Track the general flow of the application using logs at the Information level. These logs should have value in the long term.

Common situations to log:

  • startup configuration settings
  • entry/exit points
  • changes to data

examples: user JohnDoe created an account, an entry was added to the User database

Warning

Warnings should highlight an abnormal or unexpected event in the application flow. This event does not cause the application execution to stop, but can signify sub-optimal performance or a potential problem for the future. A common place to log a warning is from handled exceptions.

examples: invalid authentication, low disk space

Error

An error should be logged when the current flow of execution is stopped due to a failure. These should indicate a failure in the current activity, not an application-wide failure. These will mainly be unhandled exceptions and recoverable failures.

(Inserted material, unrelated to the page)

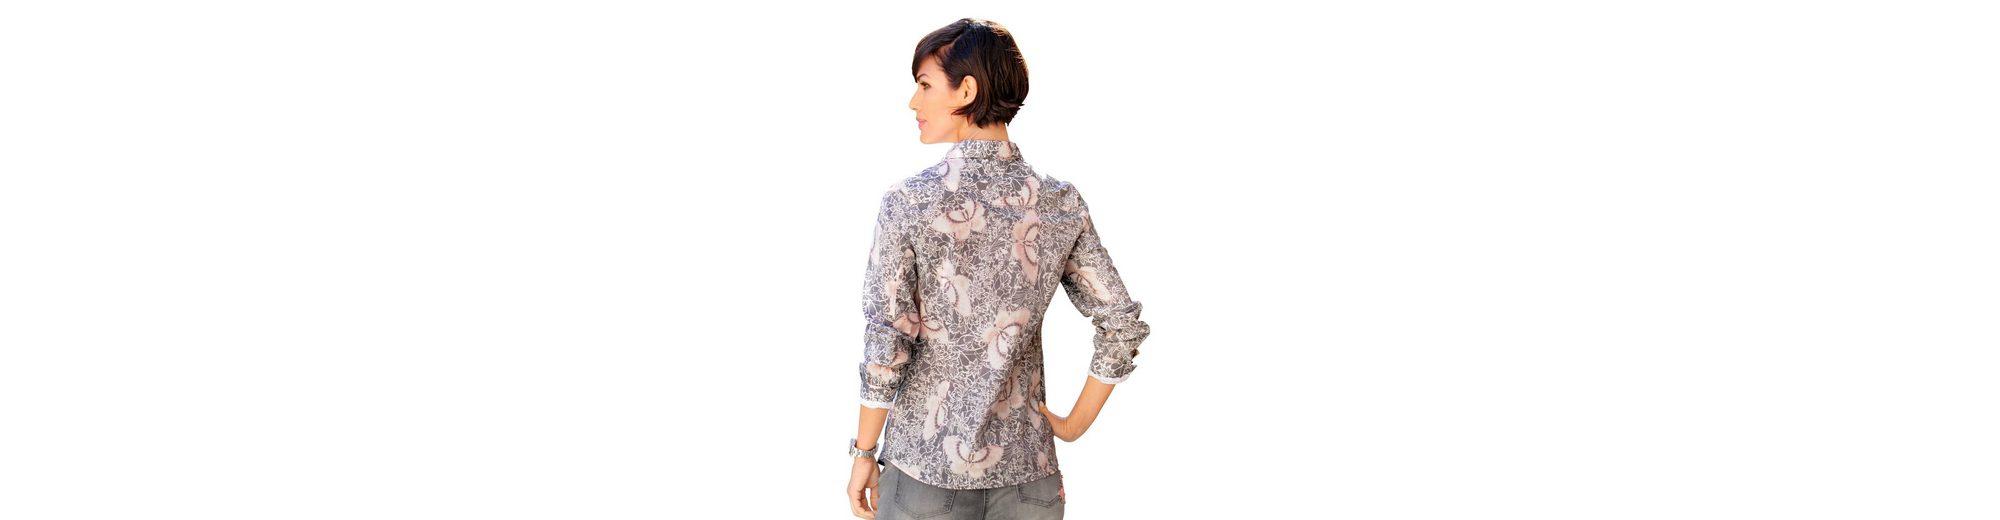 Billigshop Alba Moda Hemdbluse mit femininem Druckdessin Angebote Zum Verkauf Verkauf 2018 Neueste Websites Online-Verkauf Rabatt Neueste hQeQZs

example: failure to execute or process a task

Critical

A critical log should describe an unrecoverable application or system crash, or a catastrophic failure that requires immediate attention.

examples: data loss, stack overflow

Event Ids

A logging event may specify an integer event id. Event ids should uniquely identify a logging publication call site within a logging category (i.e. the name passed to ILoggerFactory.CreateLogger when creating the logger instance).